### GESIS Fall Seminar in Computational Social Science 2022
### Introduction to Computational Social Science with Python
# Day 1-2: Setting up Your Workflow

## Overview

* Map of software tools and options
* Typical workflow
   1. Installing Python and managing libraries with **Anaconda**
   2. Writing and running Python code with **Jupyter**
   3. Version control with **git**
   4. Code sharing and cloud storage with **GitHub**
   5. Efficient and reproducible workflows with **Bash**

## Map of Software Tools and Options

![Software map](figs/software_map.png "Software map")

## IDEs

* Integrated development environment
* A software application that facilitates computer programming and software development
  * Text editor with syntax highlighting, auto completion and smart indentation
  * Shell with syntax highlighting
  * Popular libraries
  * (Debugger)
* For example:
  * Spyder
  * PyCharm
  * Atom + Hydrogen/Terminal
  * **Jupyter + Anaconda**

## Anaconda

![Anaconda](figs/anaconda.png "Anaconda")

* Freemium open-source cross-platform distribution of the Pyhton and R programming languages
  * `conda` – package management system
  * `pandas`, `numpy`, `statsmodels`, `networkx`, `scikit-learn`, `matplotlib` – packages for data science 
  * Anaconda Navigator – graphical user interface
  * Jupyter Notebook – web app for creating and sharing code

## Installing Anaconda

* Go to https://www.anaconda.com/download/
* Select your OS
* **Download Python 3.8 version**
* Follow instructions

## Jupyter

![Jupyter](figs/jupyter.png "Jupyter")

* Open-source web application for creating and sharing documents with:
  * Live code
  * Equations
  * Visualizations
  * Explanatory text
* Supports more than 40 programming languages, including Python and R
* Notebook files have *.ipynb* extension and can be easily shared, e.g. on GitHub

## Launching Jupyter

* Launch Anaconda Navigator and click on Jupyter Notebook icon

or 

* Open Terminal/cmd and type: 

```
> jupyter notebook
```

## Using Jupyter

* New &rarr; Notebook: Python 3
* Insert &rarr; Insert Cell Below
* Cell &rarr; Cell Type &rarr;
  * Markdown
    * Lightweight markup language
    * See cheatsheet: https://github.com/adam-p/markdown-here/wiki/Markdown-Cheatsheet
    * CTRL+ENTER to run
    * Double-click to edit
  * Code
    * CTRL+ENTER to run
* Cell &rarr; Run All
  * Code is run top-down so you can use code from cells above in current cell

## Shutting Down Jupyter

* Do not forget to Command+S / CTRL+S !
* Jupyter is a server and closing the browser window will not shut it down
* To close a notebook:
    * File &rarr; Close and Halt
    * On Notebook Dashboard &rarr; Slect notebook &rarr; Shutdown
* To shut down server:
    * On Notebook Dashboard &rarr; Quit
    * Terminal &rarr; CTRL+C &rarr; `y`

## Alternative Python Workflow

* Use another IDE

or 

* Use text editor (e.g. Atom) to create .py files
* Run files in Terminal/cmd

```
> cd Path/to/file
> python filename.py
```

## Version Control and Cloud Storage with GitHub

![GutHub Octocat](figs/Octocat.jpg "GutHub Octocat")

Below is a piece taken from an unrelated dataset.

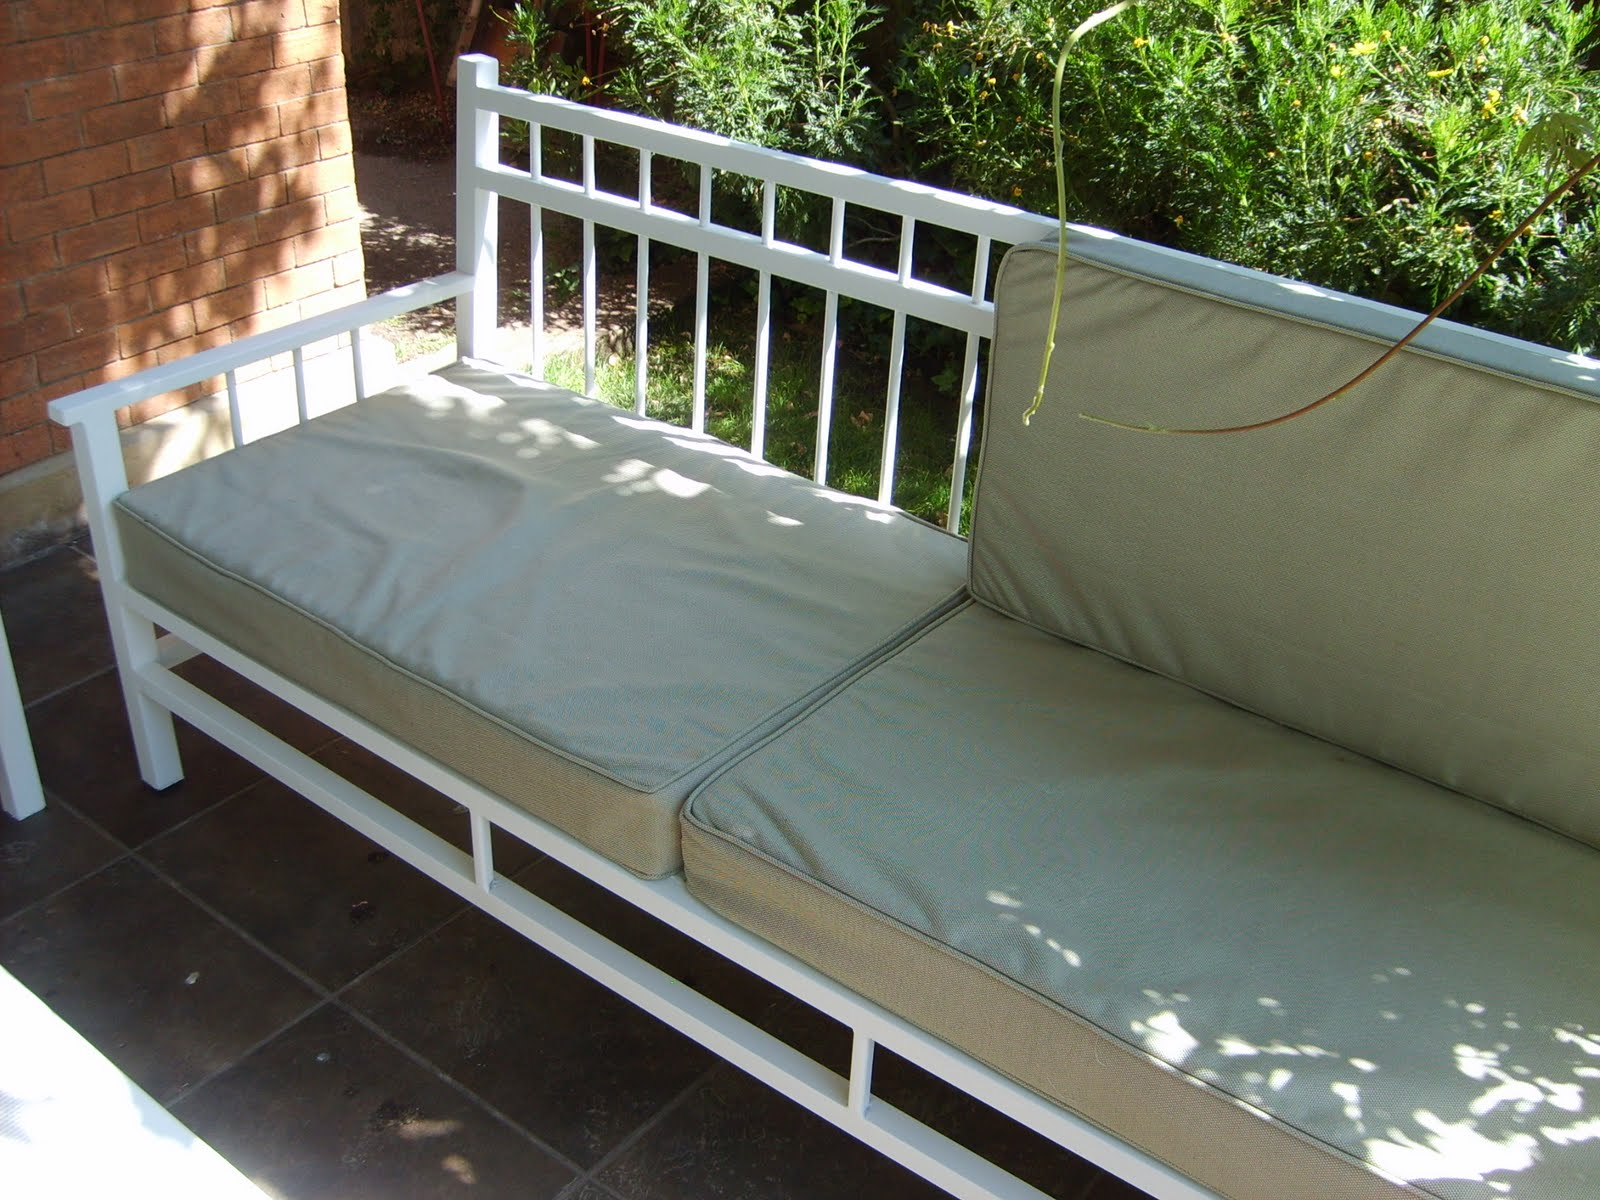 Son de fierro imagen for Amazon muebles terraza

* Code hosting platform for version control and collaboration
* Based on Git
  * Version control system for tracking changes in computer files and coordinating work on those files among multiple people
  * Created in 2005 by Linus Torvalds
* Largest host of source code in the world
* Bought by Microsoft in 2018

## GitHub Lingo

* **Repository** – a space for a project/assignment
* **Clone** – a copy of the repository that lives on your computer
* **Branch** – a paralel version of the repository
* **Commit** – save changes with a short description
* **Pull request** – ask changes to be merged
* **Merge** – incorporate changes (then delete branch)

## GitHub Workflow

![GutHub Workflow](figs/github.jpg "GutHub Workflow")

## Getting Started with GitHub

* Create personal account on https://github.com/
* Go to https://education.github.com/ and get the Student Developer Pack for some cool freebies

* Three ways to interact
  1. Browser
  2. Command line 
  3. GitHub Desktop

## Terminal = Console = Shell = Bash = Command Line = Command Prompt

(for our purposes here)

![Terminal](figs/terminal.png "Terminal")

* Efficient way to access files, run programs, and execute code
* Allows to schedule and batch-process tasks
* Provides scripts for reproducible workflows across different operating systems

## Useful Bash Commands
* Print current working directory
```
pwd
```
* Change current working directory
```
cd Path/to/directory
```
* Go back to the parent directory of the current one
```
cd ..
```
* Go back to your home directory
```
cd ~
```
* Create a new directory
```
mkdir dirname
```
* Print a list of files and subdirectories
```
ls
```
* Launch a Python interpreter (type `exit()` to stop and go back to bash) 
```
python
```

## Change Your Default Text Editor for Git

You can use your favorite editor by customizing the Git default editor.

For example, you can use [**Nano**](https://www.nano-editor.org/). It is much easier to use than Vim: `Ctrl+o` to save and `Ctrl+x` to close.

To set Nano as the default editor for your commit messages, run the following:

```
git config --global core.editor "nano"
```

Nano comes pre-installed with Linux and OS. For Windows, download and install [**Nano-win**](https://github.com/mcandre/nano-win).

## Important Git Commands 

* Copy online repository
```
git clone https://github.com/gesis-css-python/materials.git
```
* Update local repository
```
git pull
```
* See the status of local respository
```
git status
```
* See the change history of local respository
```
git log
```
* Stage all changes
```
git add --all
```
* Commit staged changes
```
git commit -m "your commit message here"
```
* Upload your changes to online repository
```
git push
```

## Viewing Course Materials on GitHub (Browser)

* Syllabus and course materials at https://github.com/gesis-css-python/materials

* Answers to exercises at https://github.com/gesis-css-python/materials/answers

    * To view this repository, you need to be added to the Students team of the GitHub organization "GESIS Introduction to Computational Social Science with Python"
    * Please e-mail your GitHub username to m.tsvetkova@lse.ac.uk
    * Do not forget to **accept the invitation** to join the team and organization!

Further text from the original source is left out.